### Input
'''
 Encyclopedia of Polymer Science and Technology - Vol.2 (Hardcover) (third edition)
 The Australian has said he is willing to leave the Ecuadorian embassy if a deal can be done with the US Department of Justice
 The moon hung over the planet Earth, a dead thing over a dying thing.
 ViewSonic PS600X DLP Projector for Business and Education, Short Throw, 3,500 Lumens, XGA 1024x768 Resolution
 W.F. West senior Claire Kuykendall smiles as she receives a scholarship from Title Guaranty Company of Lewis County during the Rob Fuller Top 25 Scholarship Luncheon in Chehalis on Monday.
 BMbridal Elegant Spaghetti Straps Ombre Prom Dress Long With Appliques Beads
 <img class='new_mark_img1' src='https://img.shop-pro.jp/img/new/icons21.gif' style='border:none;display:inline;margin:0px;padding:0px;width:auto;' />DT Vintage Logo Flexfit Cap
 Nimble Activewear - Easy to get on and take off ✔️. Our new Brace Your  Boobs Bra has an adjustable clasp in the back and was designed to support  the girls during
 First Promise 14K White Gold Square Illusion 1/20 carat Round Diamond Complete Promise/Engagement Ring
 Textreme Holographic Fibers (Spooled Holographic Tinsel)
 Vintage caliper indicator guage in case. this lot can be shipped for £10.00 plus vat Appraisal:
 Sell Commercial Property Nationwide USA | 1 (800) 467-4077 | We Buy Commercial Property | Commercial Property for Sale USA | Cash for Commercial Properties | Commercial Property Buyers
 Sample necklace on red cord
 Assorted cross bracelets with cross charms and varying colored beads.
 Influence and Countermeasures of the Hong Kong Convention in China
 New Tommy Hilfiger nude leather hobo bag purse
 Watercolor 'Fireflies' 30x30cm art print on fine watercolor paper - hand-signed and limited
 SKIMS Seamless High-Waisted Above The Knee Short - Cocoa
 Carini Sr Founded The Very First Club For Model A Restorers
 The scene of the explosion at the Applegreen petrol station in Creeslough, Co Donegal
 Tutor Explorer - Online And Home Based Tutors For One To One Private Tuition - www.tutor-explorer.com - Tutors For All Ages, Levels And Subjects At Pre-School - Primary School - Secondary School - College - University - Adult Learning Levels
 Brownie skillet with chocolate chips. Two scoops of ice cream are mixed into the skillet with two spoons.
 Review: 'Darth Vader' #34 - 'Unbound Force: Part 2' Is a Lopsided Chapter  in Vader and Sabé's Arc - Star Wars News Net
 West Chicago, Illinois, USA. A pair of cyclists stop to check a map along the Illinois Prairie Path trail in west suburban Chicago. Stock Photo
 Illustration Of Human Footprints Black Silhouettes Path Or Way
'''
### Your task
Please write out, exactly as they appear above, only the lines in the stretch from the line with "The Australian has" through the line with "The moon hung".

### Exercise answer
 The Australian has said he is willing to leave the Ecuadorian embassy if a deal can be done with the US Department of Justice
 The moon hung over the planet Earth, a dead thing over a dying thing.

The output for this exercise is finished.